Искупление (СИ) - Мягчило Лизавета. Страница 3
Когда автобус остановился в тени у знакомого дуба, сердце сработало в холостую — пропустило удар, а затем заколотилось где-то в глотке, выворачивая наизнанку душу. Приехали.
Выгружались быстро, нервно и дергано. Водитель только посмеивался над расторопностью молодежи. Слава, которого пришлось снести с высоких ступеней, мрачно оттопырил средний палец ему в спину, заерзал, удобнее устанавливая ноги на подставке коляски. Сумки и чемоданы припорошило пылью из-под колес отъезжающей машины, парни замерли, синхронно повернув головы в сторону узкой тропинки, огибающей озеро.
Будто и не уезжали, словно не было тех лет в городе, пропитанных отчаянием и одиночеством. Желание обернуться больно зудело под кожей, Бестужев его сдержал — Кати за спиной не будет. Её давно там не было.
Погода была здесь мягче, солнце не лупило по лицу наотмашь, жара не душила сухим воздухом, с хрипом врывающимся в легкие. Припекает, да, но влажность и легкий прохладный ветер всё меняли. Ласково покачивались на ветру тонкие ветви ивы у воды, шелестел листьями огромный дуб, бросающий на их головы и спины крупную тень. Природа берегла почитающих её деревенских. Причиной тому климат Уральских гор, или их незримые боги, но дышать здесь было легче, свободнее.

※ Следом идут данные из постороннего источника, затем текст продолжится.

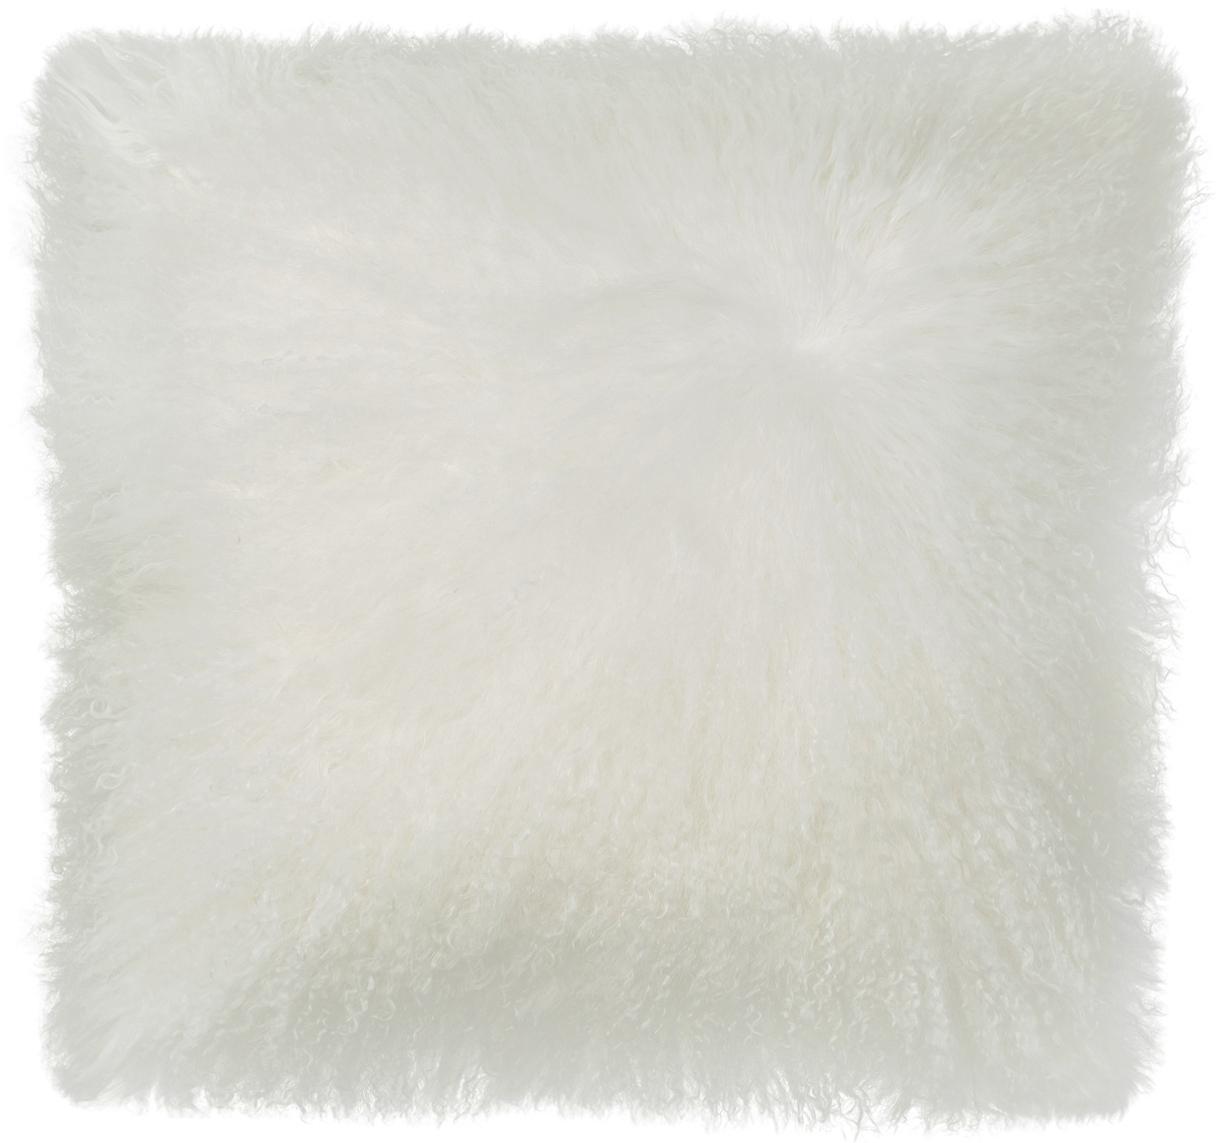 Langhaar-Lammfell Kissenhülle Ella, gelockt, Vorderseite: 100% mongolisches Lammfel, Rückseite: 100% Polyester, Weiß, 40 x 40 cm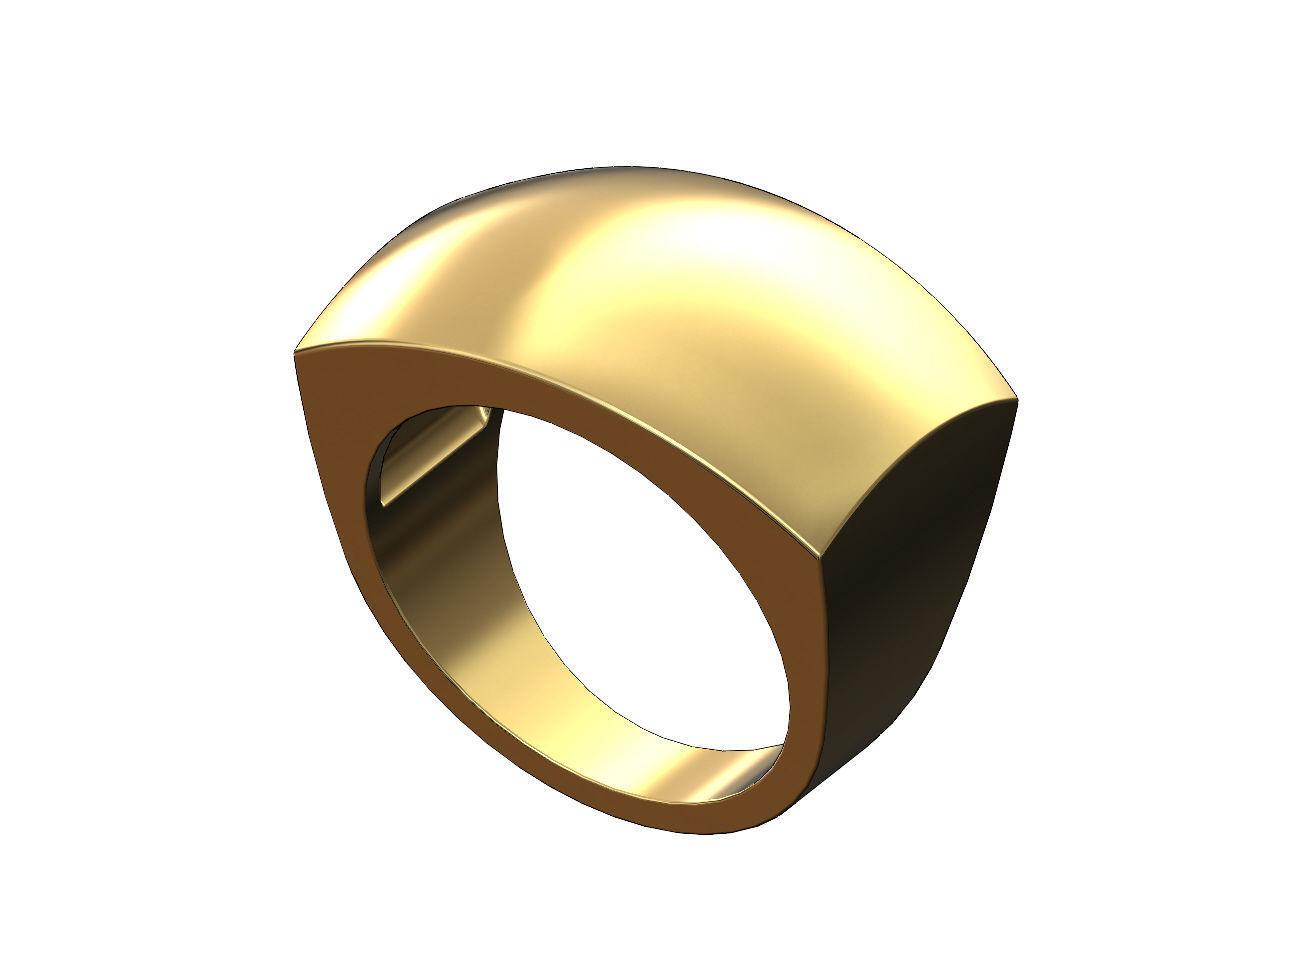 Large rectangular statement dome signet ring

На озере завелась пара длинношеих лебедей, они гордо скользили по водной глади у самого берега, а следом плыли трое неказистых птенцов. Серые, с непропорциональными тельцами, они покачивались на воде, смешно и быстро перебирая под водою лапами, догоняя статных родителей. Шипели, щелкали клювами у перьев друг дружки, резво опускали под воду маленькие головы. Совсем скоро они научатся летать, но каждый раз они будут возвращаться под родительское крыло. Ещё два года они будут жить под защитой, в любви и ревностной опеке. В безопасности.
— Третий раз ездишь, что, каждый раз клювом щелкаешь? Не сдохло в тебе чувство прекрасного, Саня, пошли. Потом этих гусей посмотришь, покормишь, хоть к себе заберешь. Я сварился в автобусе, хочу сполоснуться.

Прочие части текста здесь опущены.